Research Remix Assignment

Assignment by Chloe Cardosi, Bedford New Scholar 2024

Research Remix Assignment

Creating in a Genre 

For this assignment, you will create a public-facing product based on your research expertise for a specific community that addresses their concerns and fills a research need. You will think about and plan how to create a public-facing text that discusses an aspect of your research, and that is designed for a specific community of stakeholders on your research subject by identifying what genre will help you best achieve your rhetorical purpose. You will do this by consciously adapting your research report into a new genre. You will need to understand and analyze your real and imagined audiences, as well as the genre conventions of your chosen genre.

Core Objectives:

  • Practice and demonstrate commitment to an extended research project
  • Practice and demonstrate genre and audience analysis
  • Practice and demonstrate an understanding of making conscious rhetorical moves as a rhetor in a new, public-facing genre

In part, you will do this by considering how to “re-mix" by revising your Segment Two research report into a new genre, such as a podcast or piece of fiction. See more options below.  

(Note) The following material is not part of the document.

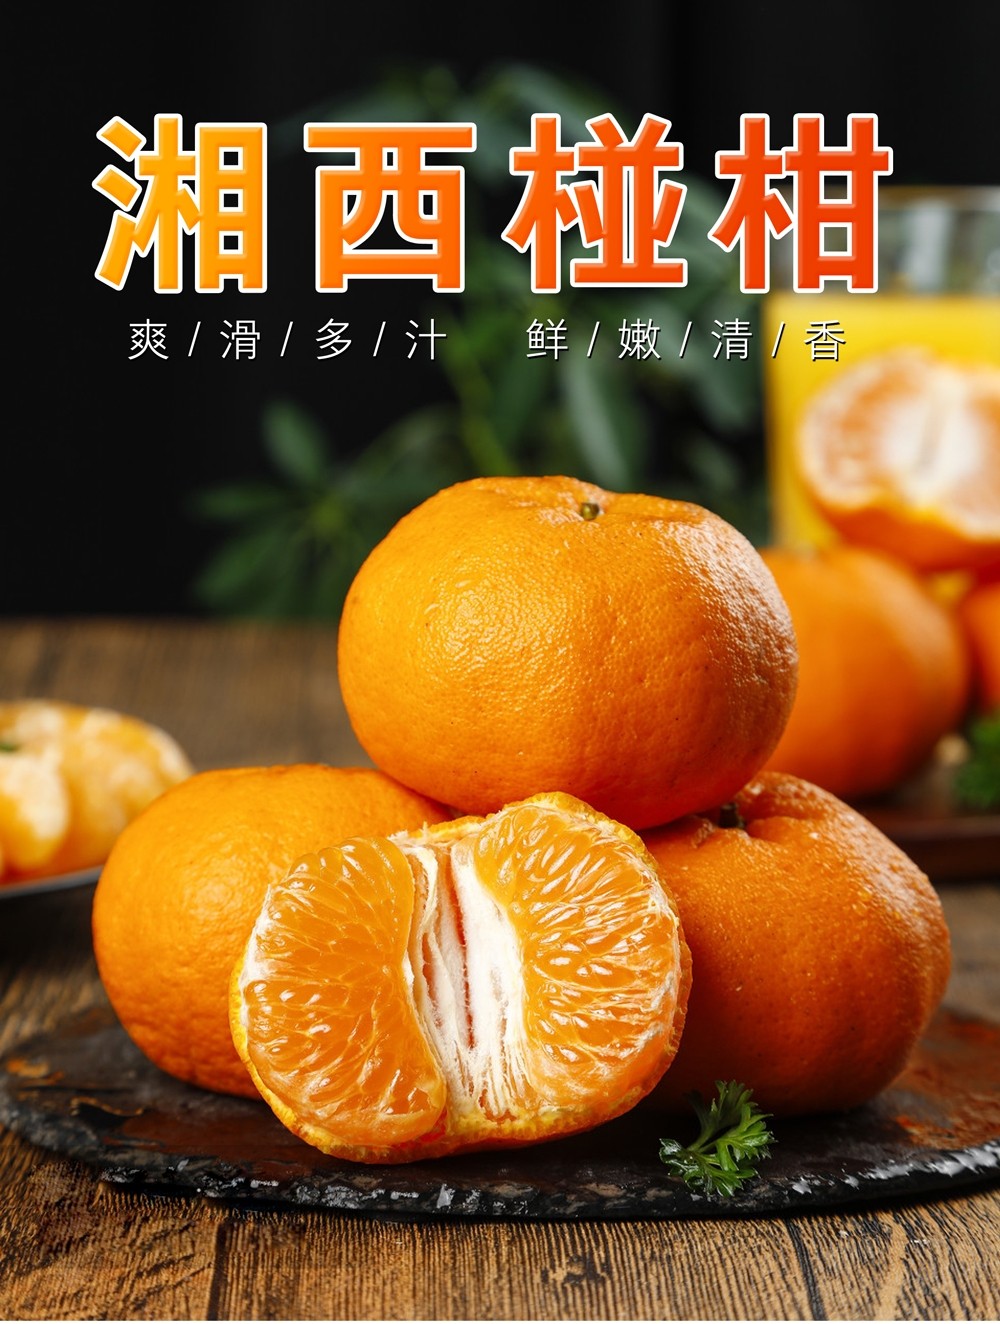 xiaobofarm湖南高山椪柑新鲜橘子芦柑净重5斤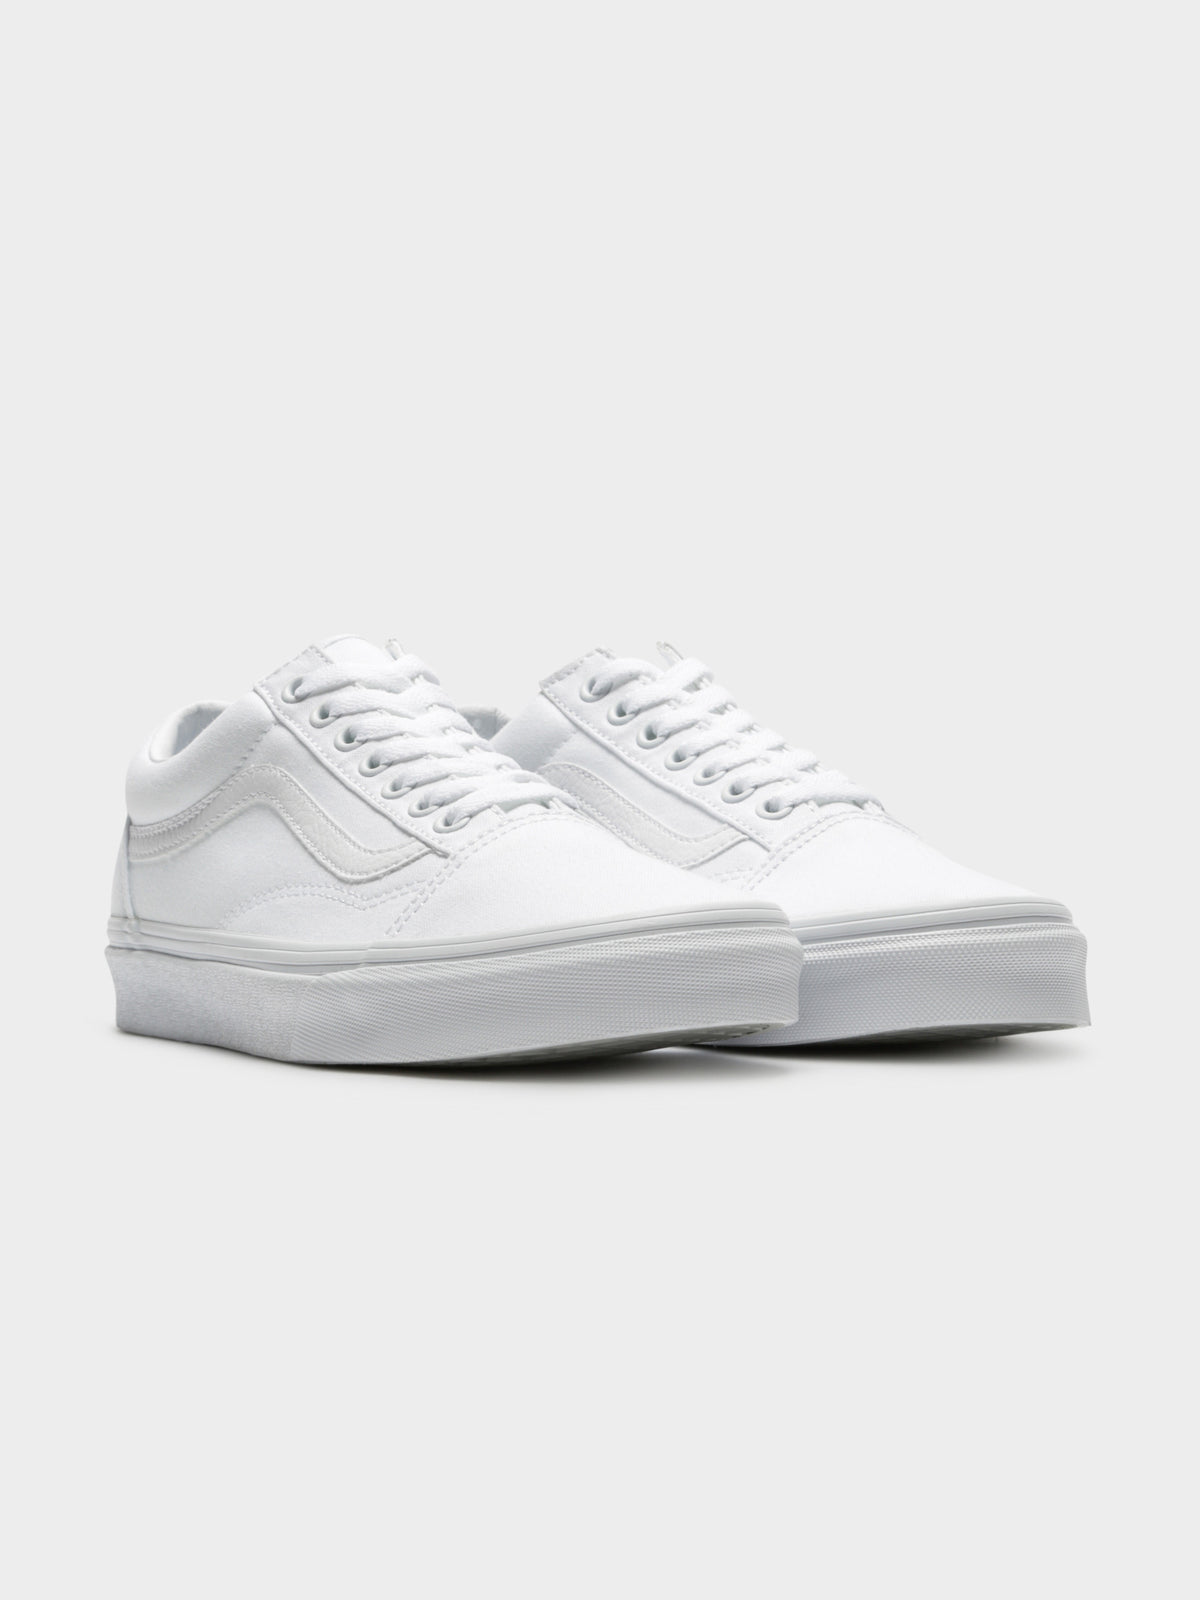 Unisex Old Skool Sneaker in White

You will develop the ethos necessary to reach your intended audience by engaging in new rounds of idea-gathering and research to deepen your understanding of the problem you researched for segment two and, perhaps, tighten your topic focus.  

Key Concepts this Project Should Demonstrate

Ethos: You need to establish your credibility with your intended audience in order to communicate ethically and authoritatively about the problem or issue you’ve chosen to focus on. One of the most important ways to situate your ethos is to do your homework, research the problem exhaustively, not settle for easy answers or superficial searches, read, read, and read about the issue so that you understand it from different angles, and appreciate its complexity.

Audience: You need to understand your audience deeply. You need to know their valuesperspectives, and existing knowledge about the problem or issue. You need to understand their assumptions—their logos—so that you can provide them with valuable information and insight. This requires research.

Genre: You need to compose in a genre that is meaningful to you and your audience. You need to match the genre with both your audiences and their purposes as well as your own. You need to think critically about genre at this stage of the research process because your composition will become a valuable source type on an information cycle for other readers and researchers to use and learn from.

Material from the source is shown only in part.